UK Labour reinstates former MP suspended over antisemitism

In a Facebook post last year, Sheridan said that he had lost “respect and empathy” for the Jewish community in response to the continued antisemitic row that has been hounding the party in recent months.

The leader of Britain's opposition Labour Party, Jeremy Corbyn, delivers a speech in Manchester, Britain, March 22, 2018. (photo credit: REUTERS/PHIL NOBLE)
The leader of Britain's opposition Labour Party, Jeremy Corbyn, delivers a speech in Manchester, Britain, March 22, 2018.
(photo credit: REUTERS/PHIL NOBLE)
The UK's Labour party has readmitted a former MP who was suspended over antisemitism.
Following his reinstatement, Jim Sheridan said his accusers had "overreacted," adding that they were also "misguided."
Sheridan is one of several Labour politicians and members who have been caught up in antisemitism allegations, which have plagued the party since Jeremy Corbyn’s appointment as leader.
In a Facebook post last year, Sheridan said that he had lost “respect and empathy” for the Jewish community in response to the continued antisemitic row that has been hounding the party in recent months.
"Today I was notified that my suspension from the Labour Party has been lifted with no further action to be taken by the party," he said in a statement released late on Friday. "Whilst I am delighted with this decision, I remain of the view that my accusers were misguided and overreacted to what was intended to highlight my personal frustration and criticism of those intent on undermining our leadership in Scotland and the UK.
"I would also like to reiterate my sincere apologies to the Jewish community whose historic struggle I have supported all my political life," he added.
The BBC quoted a UK Labour Party spokesman as saying that “the Labour Party takes all complaints of antisemitism extremely seriously and we are committed to challenging and campaigning against it in all its forms."
However, its leader Jeremy Corbyn has been embroiled in countless antisemitic and anti-Israel incidents.
In 2009, Corbyn called Hamas and Hezbollah his friends and said that Hamas was working to achieve peace and justice, he later apologized for calling them his "friends."
In 2010, Corbyn allegedly hosted a Holocaust Memorial Day meeting at which a Jewish survivor of Auschwitz, Hajo Meyer, who died in 2014, repeatedly made comparisons between Israeli policy and Nazism.
In August 2018, a video emerged of a speech Corbyn gave in 2013 where he ostensibly compared Israel’s control of the West Bank to the Nazi occupation of Europe during World War II.
In 2014, he laid a wreath at a cemetery in Tunisia where Palestinian terrorists who murdered Israeli athletes in Munich in 1972 are buried.
Last year, UK Labour was hit with a major storm over its reluctance adopt the International Holocaust Remembrance Alliance’s working definition of antisemitism fully. Corbyn fought to add a clause that stated it would not be deemed antisemitic to describe Israel and/or the circumstances of Israel’s establishment as racist.

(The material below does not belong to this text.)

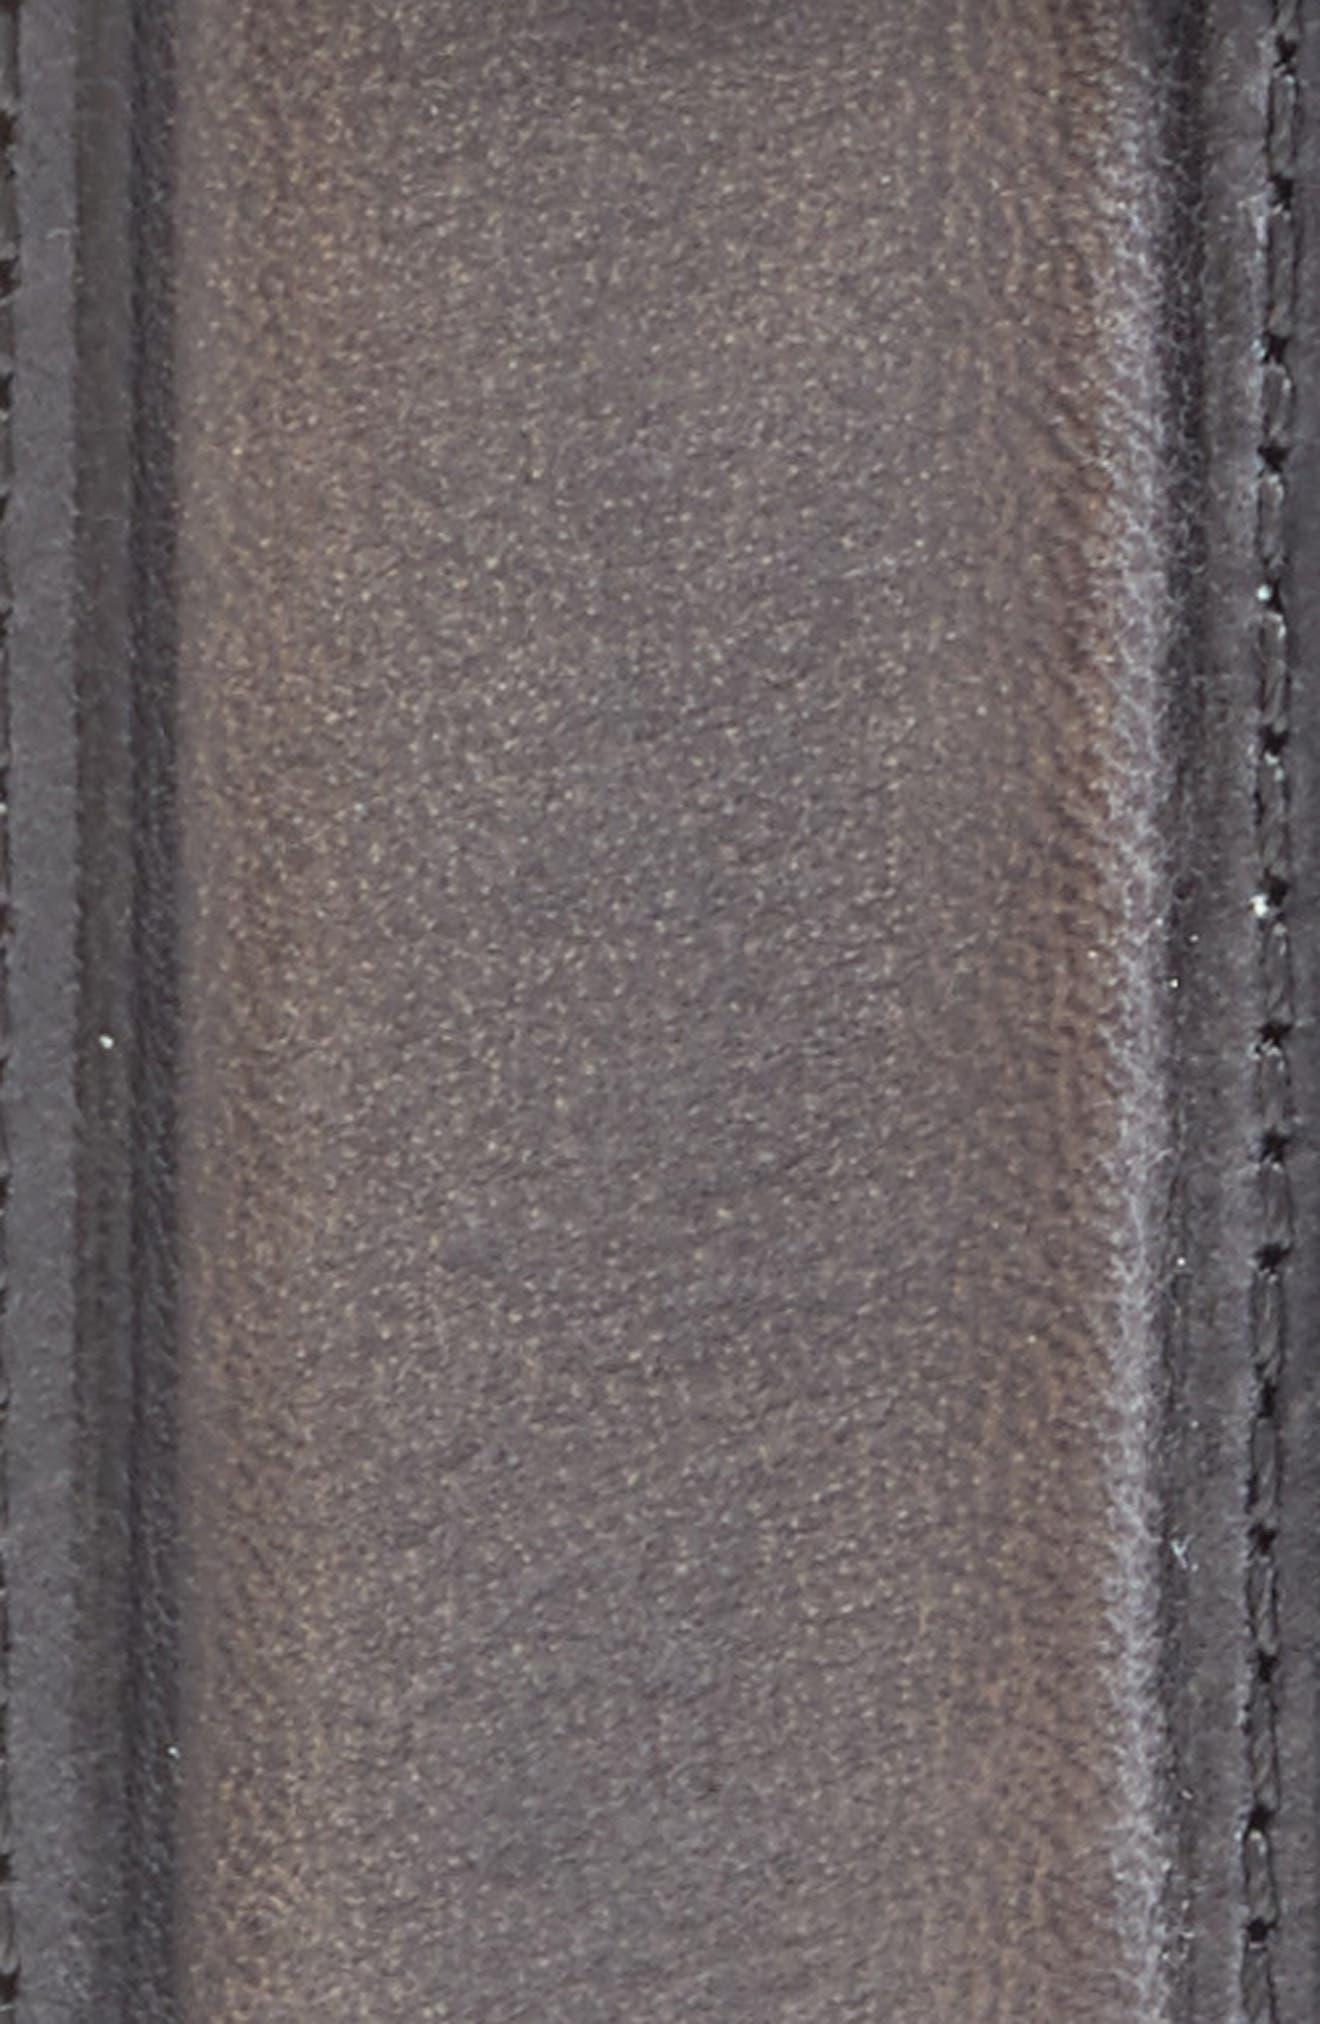 Pressed Edge Leather Belt,                             Alternate thumbnail 2, color,                             STORM CLOUD
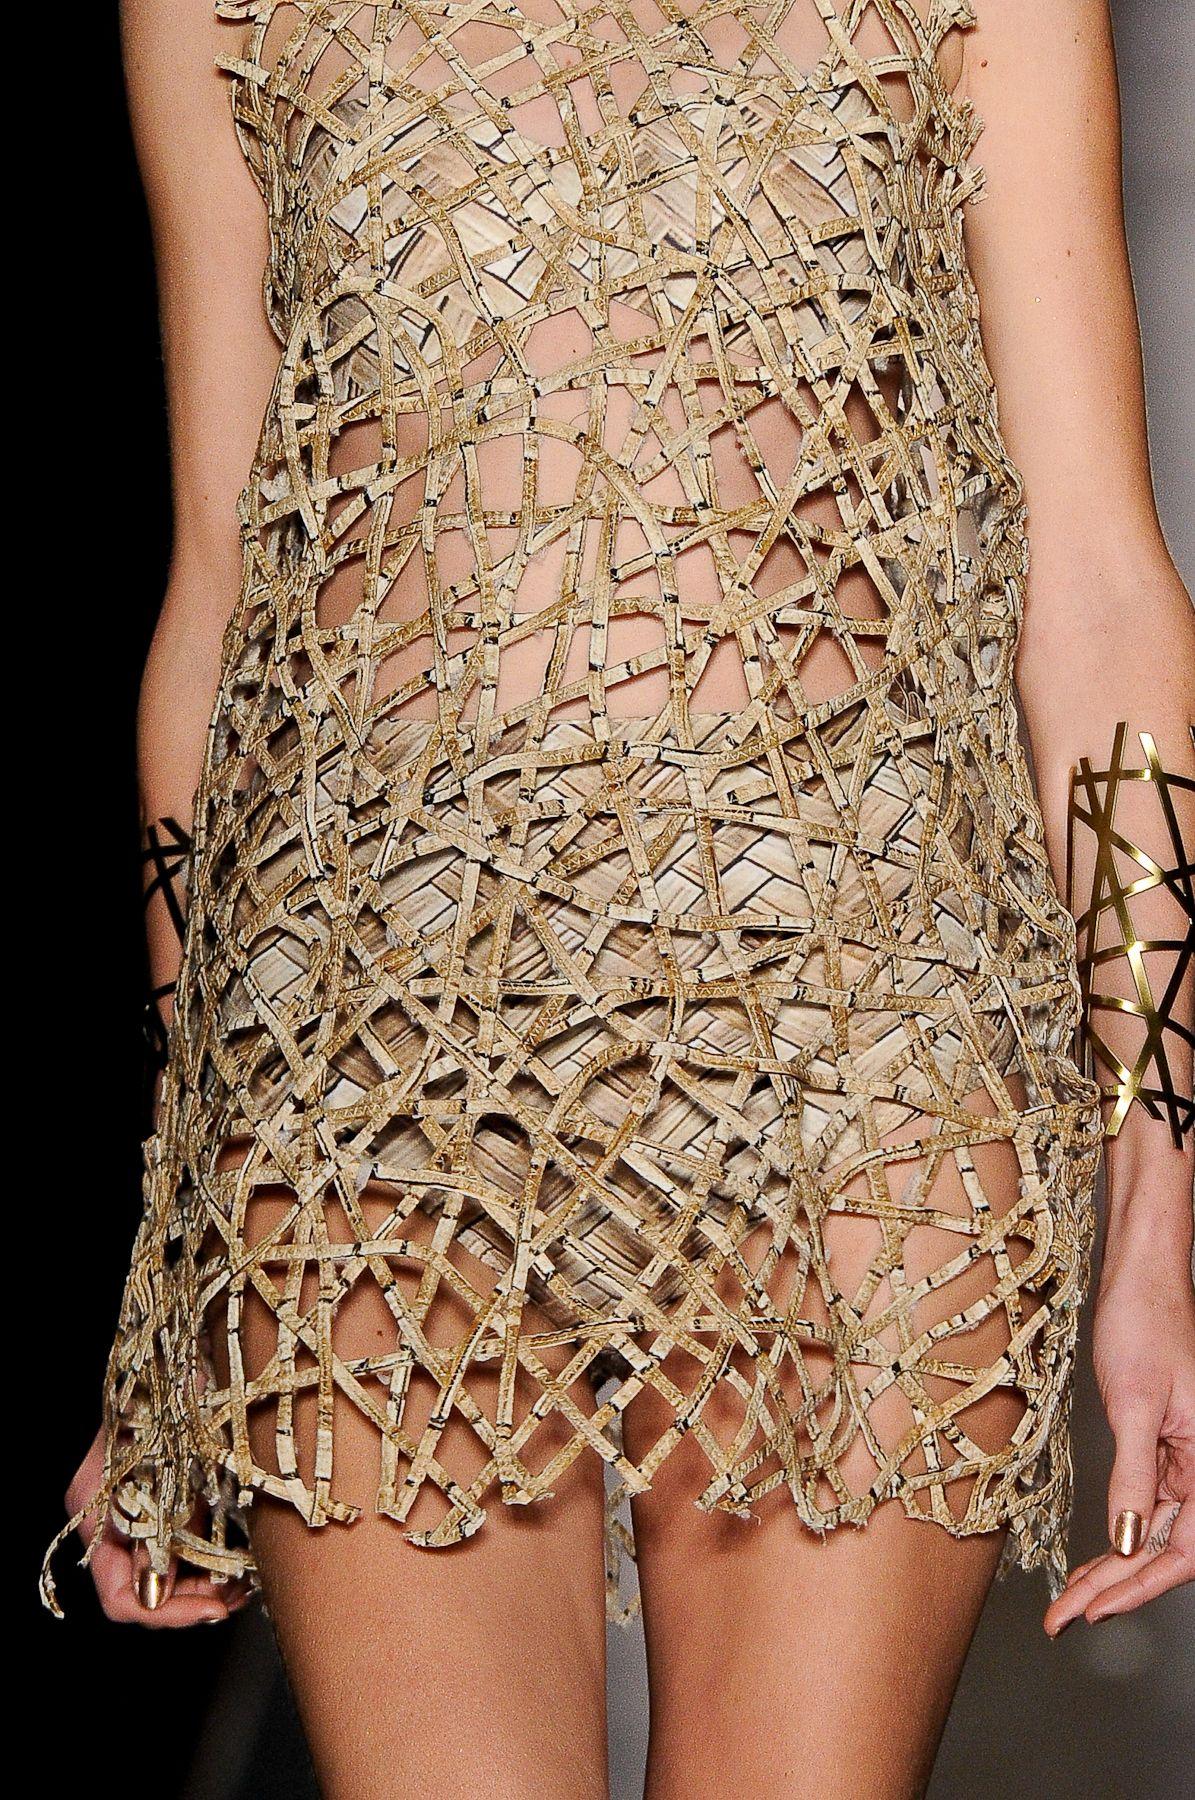 Agua de Coco por Liana Thomaz | Sao Paulo | 2014 laser cut runway dress and bikini coverup

In the 1980s, Corbyn was also a staunch member of a group called the Labour Movement Campaign for Palestine.
The official platform of this group declared its “opposition to the Zionist state as racist, exclusive, expansionist and a direct agency of imperialism.”
The UK Labour Party also has a tumultuous relationship with the State of Israel with some of its members openly supporting anti-Israel sentiments and the BDS movement.
Gary Spedding, a British left-wing activist and member of the UK Labour Party, was detained at Ben-Gurion Airport and denied entry to Israel earlier this month.
According to a BBC report, in 2014, Spedding was previously banned from entering the country for five years by the Interior Ministry’s Population and Immigration Authority after he reportedly had "organized a violent protest" at Queens University, Belfast, in which an Israeli representative was attacked.
However, Spedding disputed. He said that following investigations, the university had made it clear he "was not involved in any violence."
At the time, he said he was told by authorities at the airport that his social media activity allegedly posed a "security threat."
After traveling to Israel again following the end of his five-year ban, Spedding tweeted that he was detained and interrogated for three hours before his entry into Israel was eventually denied. He boarded a flight back to the United Kingdom on Monday evening.
Spedding said his visit was “entirely legitimate and planned,” adding that he wrote to the Israel Embassy in the UK as well as to Ambassador to the UK Mark Regev before his trip.
He also claimed that he had invitations from civil society organizations and had planned to meet members of Knesset “regarding peace-building in Northern Ireland” and that he is not a member of the Boycott, Divestment and Sanctions movement.
“I wish to put on public record that I am not a member of the BDS movement and do not actively advocate for a boycott of Israel. I support the democratic right of others to boycott, but I do not participate myself,” Spedding said.
Spedding added that he had also called for Jim Sheridan to be "kicked out" of the UK Labour Party.
Zachary Keyser contributed to this report.